Dynamic impacts of crude oil price on Chinese investor sentiment: Nonlinear causality and time-varying effect
International Review of Economics & Finance, 2020, vol. 66, issue C, 131-153
Although much attention has been given on the linear relationship between oil price and investor sentiment, the nonlinear causality and time-varying behaviors have been neglected. The present paper fills this gap in literature and examines the nonlinear causality between Chinese investor sentiment and crude oil price by applying the Hiemstra and Jones (HJ) and the Diks and Panchenko (DP) tests. The study finds a significant non-linear Granger causality relationship run from oil price to Chinese investor sentiment. In addition, this paper further examines the impacts of oil price on Chinese investor sentiment by the time-varying parameter VAR (TVP-VAR) model.

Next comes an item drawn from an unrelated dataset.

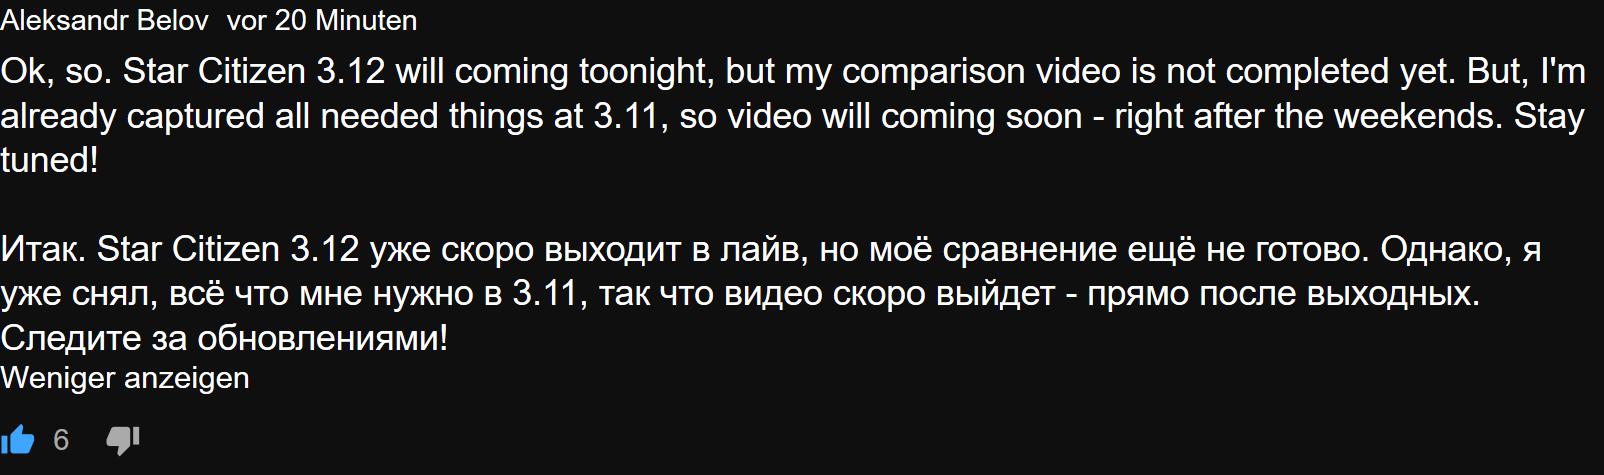 Screenshot_2020-12-17 Aleksandr Belov - YouTube.png
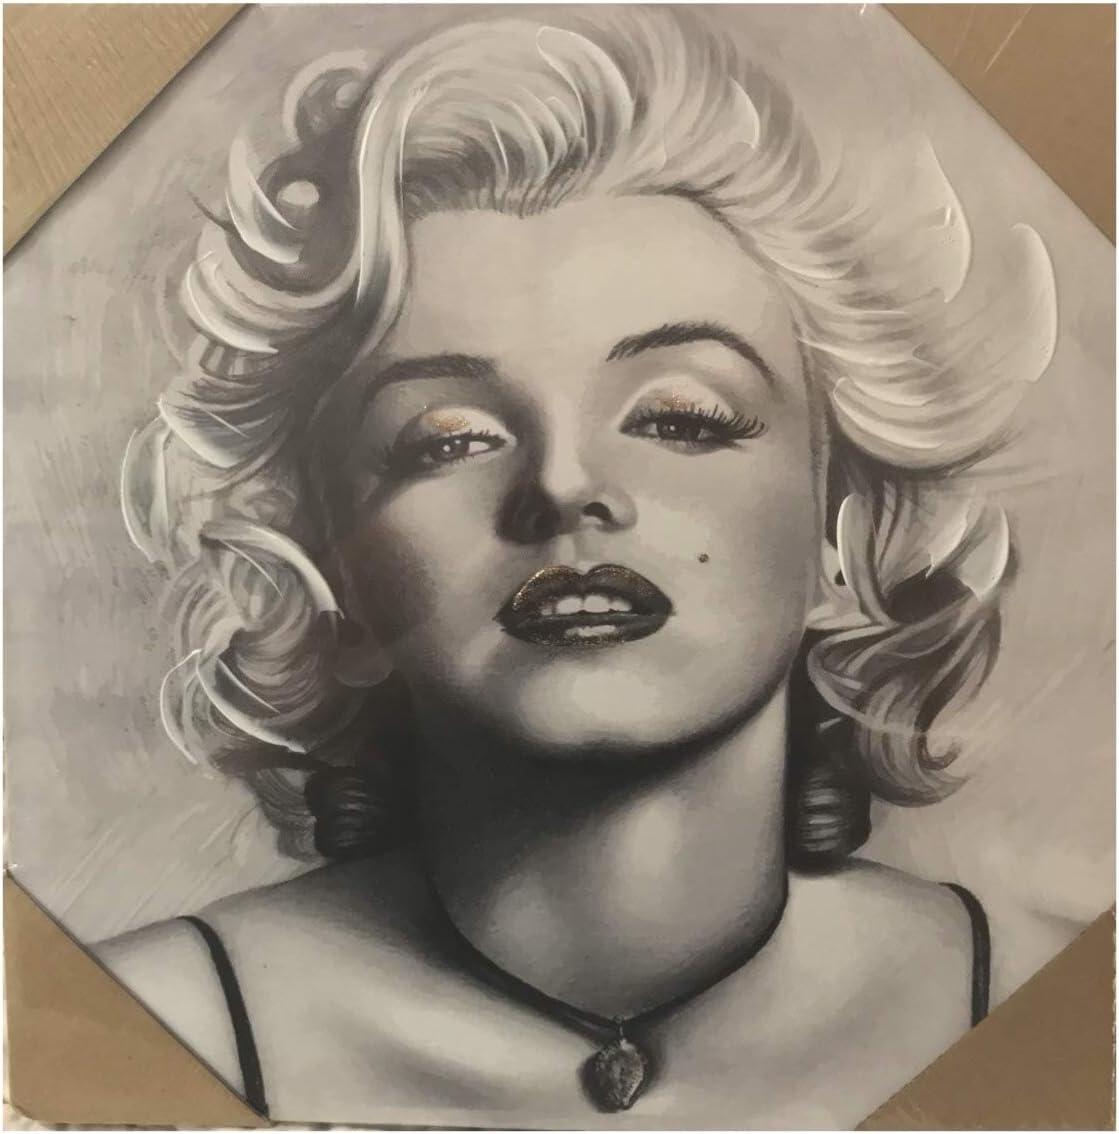 MARILYN MONROE CANVAS WALL ART BLACK/&WHITE

The empirical results show that effects of oil price on Chinese investor sentiment are time-varying and in most cases are negative. Moreover, the negative effect is large in the latest year of 2017, followed by the global financial crisis of 2008, yet small for the steady economic period in 2012, and minimal for the China’s oil product pricing reform in 2013. These findings are robust for alternative crude oil prices and investor sentiments variables.
Keywords: Oil price; Investor sentiment; Non-linear causality; Time-varying effect (search for similar items in EconPapers)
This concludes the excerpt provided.